Vue de l’exposition « Des Mondes aquatiques », Frac Aquitaine
Photo Jean-Christophe Garcia
Si tout cela vous a mis en appétit, rendez-vous à 15 minutes de là, dans le restaurant le plus sympathique de Bordeaux, spacieux et ouvert sur la verdure : Les Chantiers de la Garonne. Terrasse où on a les pieds dans le sable, huîtres fraîches et vin blanc des coteaux voisins, voilà de quoi oublier que la fin du week-end approche… Mais pas avant une grande balade en ville, et notamment dans le quartier de Darwin (on ne s’en lasse pas), voisin du restaurant, où les street artists sont chez eux. Le dernier geste en date est signé Pierre Bertolotti, qui a peint un hommage en noir et blanc à sa grand-mère centenaire en reproduisant à grande échelle une jolie photographie de couple.
Vue de l’Espace Darwin
En retournant vers le centre, arrêtez-vous donc devant le célèbre Miroir d’eau de la ville : cette gigantesque fontaine de près de 4 000 mètres carrés a été conçue en 2006, en référence à la place Saint-Marc de Venise, qui se transforme les jours de pluie en surface brillante. Les enfants s’amusent comme des fous dans ce bassin profond de quelques centimètres ; les adultes, quant à eux, entretiennent quotidiennement son statut de lieu le plus photographié de la ville. À noter : du 20 au 24 septembre 2017, le sculpteur franco-argentin Pablo Reinoso installera six volumineuses sculptures sur le Miroir d’eau, dont les formes évoqueront des bancs aux lattes devenues spaghetti vivants. Une magie supplémentaire pour ce lieu unique.

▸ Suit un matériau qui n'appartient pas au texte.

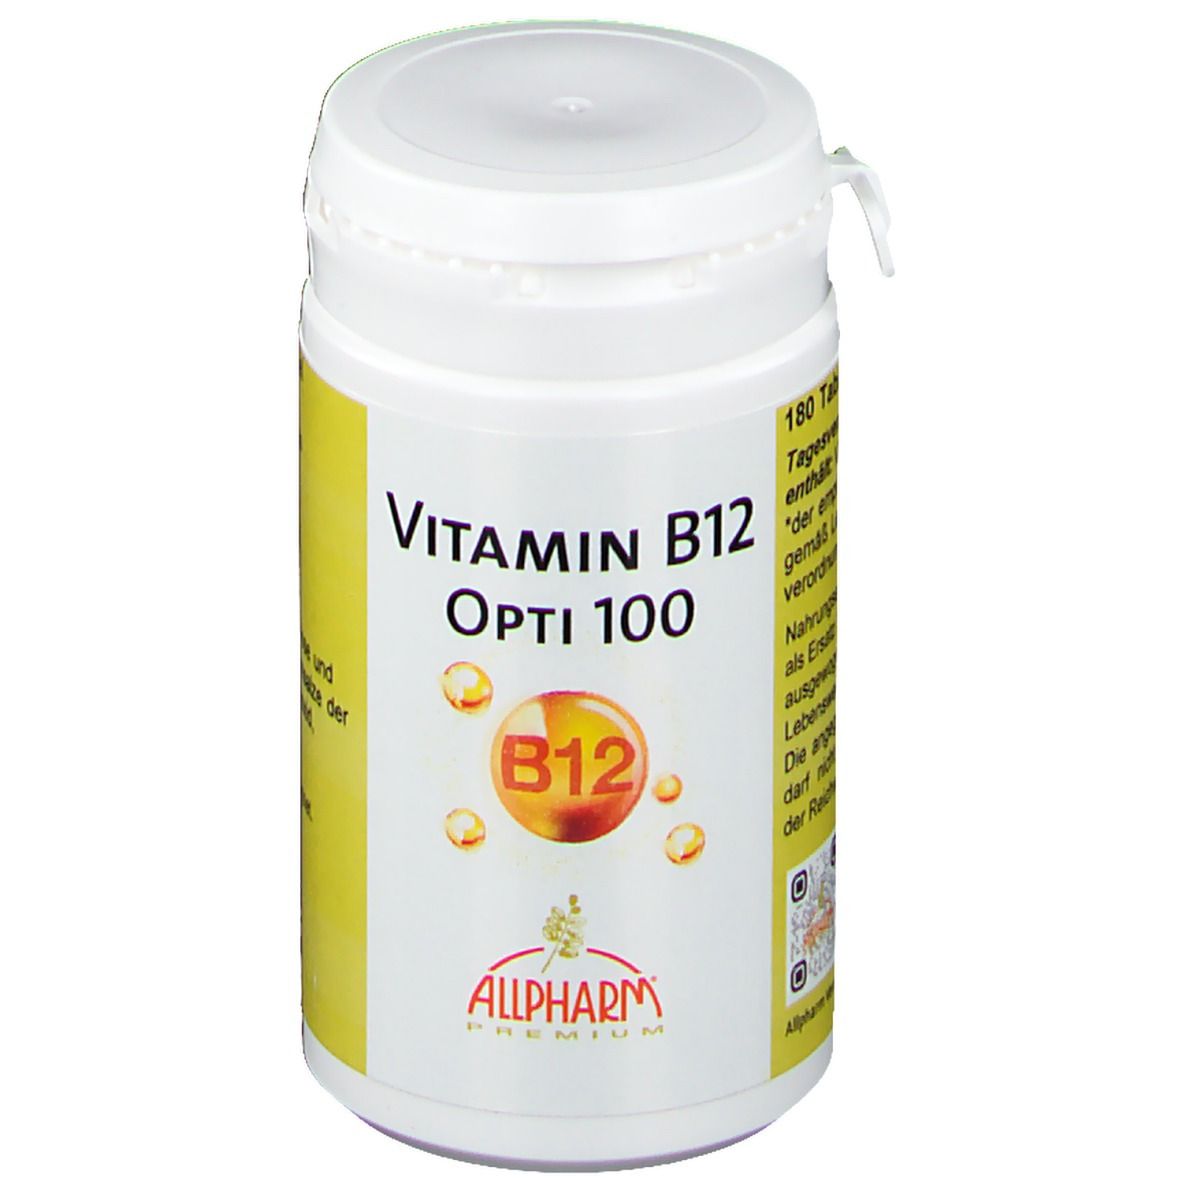 Image of Vitamin B12 Opti 100

Dans le cadre de la Biennale d'architecture, d'urbanisme et de design Agora
En retournant vers le centre, n’oubliez pas de consacrer votre ultime visite au musée des Arts décoratifs et du Design, où se tient la très amusante exposition « Oh couleurs ! ». Elle explore avec facétie les gammes de couleurs utilisées par les grands industriels (Tupperware par exemple), sur les drapeaux (un petit jeu de reconnaissance s’impose), par les créateurs de mode (ou pour une écharpe de supporter !), pour les architectures de Le Corbusier, ou encore pour les rouges à lèvres d’Olivier Saillard. C’est donc un véritable arc-en-ciel, qui dessine une histoire des objets du XXe siècle joyeusement désordonnée. Une pépite, avant de rejoindre la gare où vous dégusterez peut-être un dernier petit cannelé.
Le jaune du Sud
Coll. Musée des Arts décoratifs et du Design / © MADD Bordeaux — J.C. Garcia
En savoir plus
Toute la programmation de la saison « Paysages » est à retrouver sur www.paysagesbordeaux2017.fr/
Paris-Bordeaux : en route !
Départs de Paris Montparnasse, le samedi à 8h52
Retour le dimanche à 18h04
Où se loger ?
Mama Shelter Bordeaux
Pour comprendre l’esprit de renouveau de Bordeaux, rien de tel que cette nouvelle adresse centrale, dotée de 97 chambres et d’un rooftop où se pressent les branchés. Petit-déjeuner fastueux, masques de super-héros à disposition dans les chambres, le tout dans un bâtiment industriel de 1930 reconverti en bonbonnière minimaliste.